Aunque no está en nuestro ánimo ridiculizar a nadie sino constatar lo que está ocurriendo en la Iglesia Católica actual, no podemos evitar, al hilo de lo que estamos exponiendo, plantearnos algunos interrogantes como los siguientes: ¿Qué hace un iluminado predicador en un congreso organizado por una institución que se supone universitaria, como la Fundación San Pablo-CEU de Madrid? La respuesta la da el mismo Kilo Argüello: “Estoy en una universidad. La culpa es vuestra que me habéis invitado”. Por otra parte,  dirigiéndose a Marcelino Oreja,  el predicador le interpela de este modo: “este hermano, a ver: ¿tiene vida eterna? ¿La tiene? Que lo demuestre. La fe no es de todos. No a todos los encuentra Dios dignos de tener fe”. Al calor de esta increpación uno se pregunta: ¿Qué hace ahí el Sr. Marcelino Oreja oyendo lo que está oyendo, un hombre que ha sido ex Ministro de Asuntos Exteriores y tantas otras cosas importantes en la política española y europea? ¿No cae en la cuenta de que algo muy importante no marcha y hasta avergüenza en esta forma de  interpretar  la religión? Claro  que,  a la vista de lo que está siendo hoy día un Ministro de Exteriores, quizás le baste con el catecismo de Astete.
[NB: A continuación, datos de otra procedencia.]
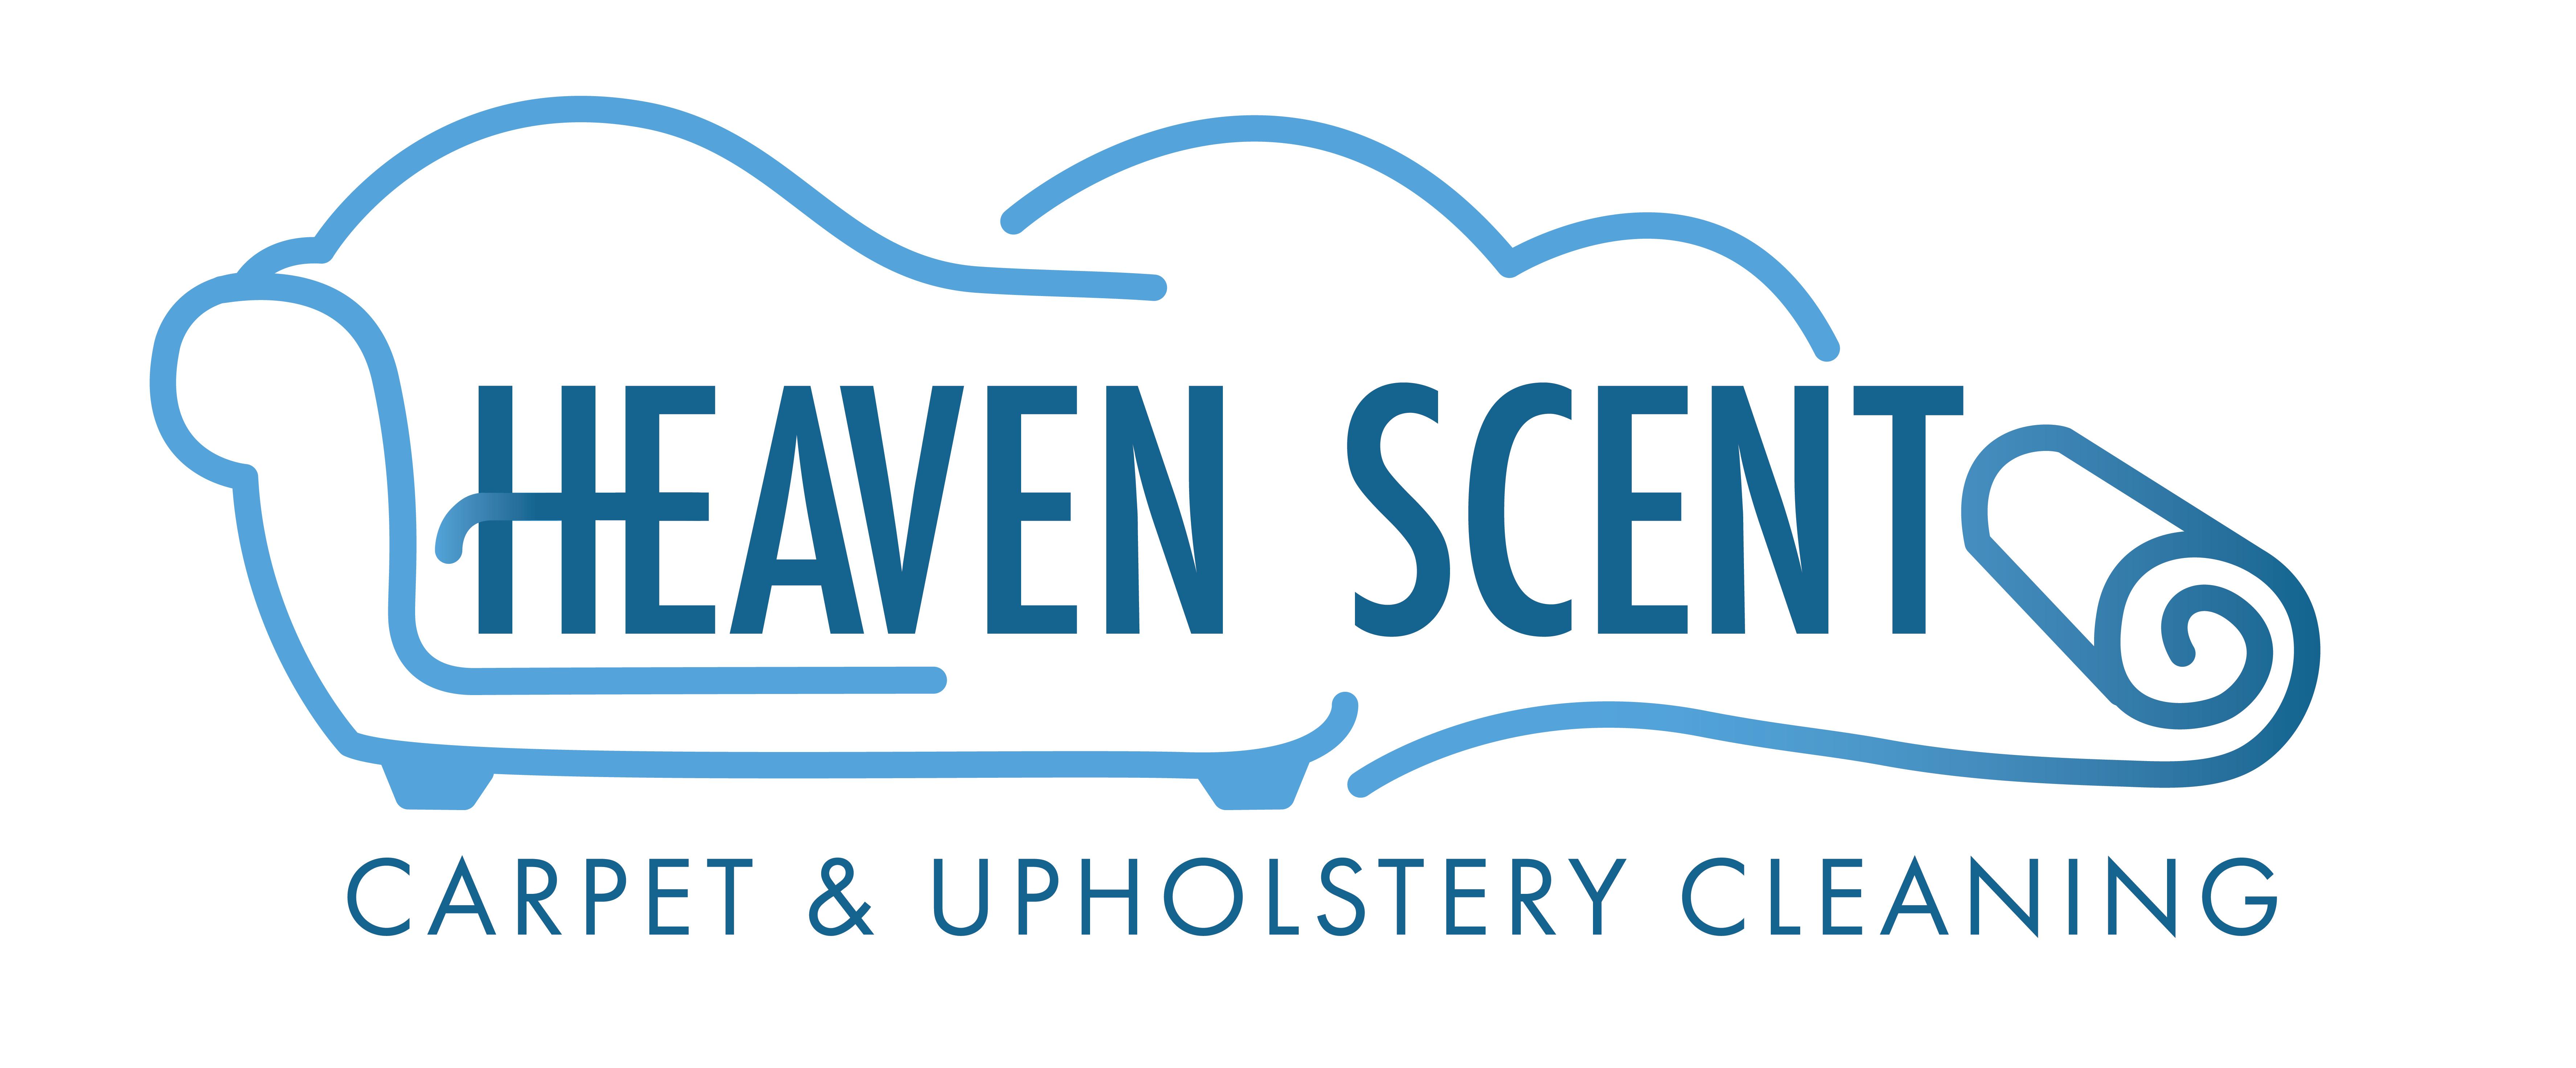 Heaven Scent Carpet & Upholstery Logo

Existen actualmente, pues, “dos formas” de ser Iglesia Católica que la atraviesan en todas sus dimensiones, desde la dogmática hasta la ética, pasando por la espiritualidad y el mismo esquema de organización interna. Existen “dos estilos” plenamente diferenciados: crítico, libre y comunitario- eclesial el uno y acrítico, sumiso -dependiente, individualista y eclesiástico el otro.  La división en la Iglesia Católica pasa sobre todo por el “diferente talante” como refleja muy bien Comblin al final  de su análisis: “ya no estamos en una época de condenación, sino de misericordia; y hay que distinguir la verdad revelada de siempre y la forma como la presentamos hoy día. Pues muchos creen que la forma como la Iglesia habla hoy no permite una verdadera comunicación” ni con la racionalidad moderna ni con los cambios técnico-culturales del mundo actual.